A Pucci boutique also opened recently in São Paulo, Brazil, and it is understood management is now eyeing winter resort locations like Courcheval in France and St. Moritz in Switzerland. Pop-ups are likely to be part of the distribution plan going forward.
Considered one of Italy’s fashion pioneers in outfitting the jet set, Emilio Pucci began designing skiwear out of jersey fabrics in 1947 and opened his house in 1949. His colorful, graphic motifs on silk jersey quickly became the signature of the house and were originally derived from Renaissance and local Italian art.

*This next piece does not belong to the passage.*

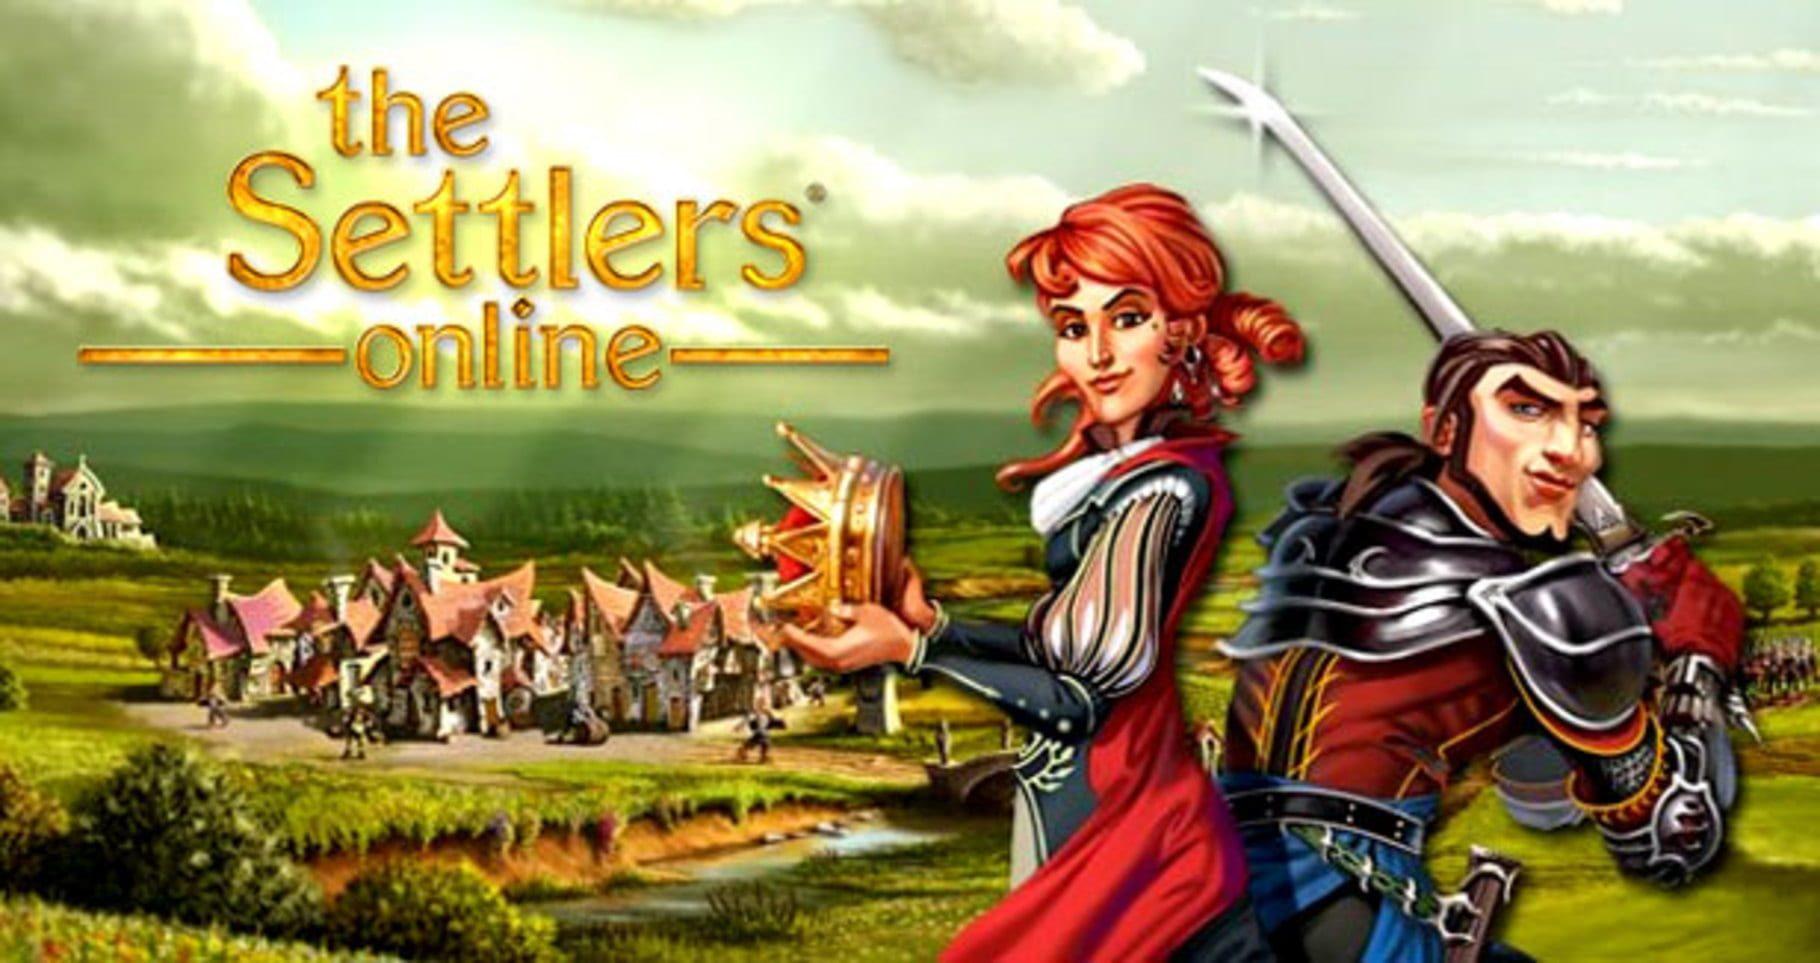 buy The Settlers Online cd key for psn platform

The company is to retool given the future focus on such holiday staples as tunics, caftans, shorts, swimwear, eyewear and beach bags, plus puffer jackets, leggings and après-ski looks for the winter.
The brand had recently experimented with guest designers, including Christelle Kocher of France and Japan’s Tomo Koizumi, and may continue with occasional collaborations, sources said.
Under LVMH, Pucci has experimented with a variety of permanent designers over the years, including Julio Espada, Christian Lacroix, Matthew Williamson, Peter Dundas and MSGM’s Massimo Giorgetti, and also studio configurations.

For fall 2021, the brand’s creative team foreshadowed the new resort orientation by showing recycled nylon ski suits, quilted bombers, silk pajamas and printed velvet shirt-jackets.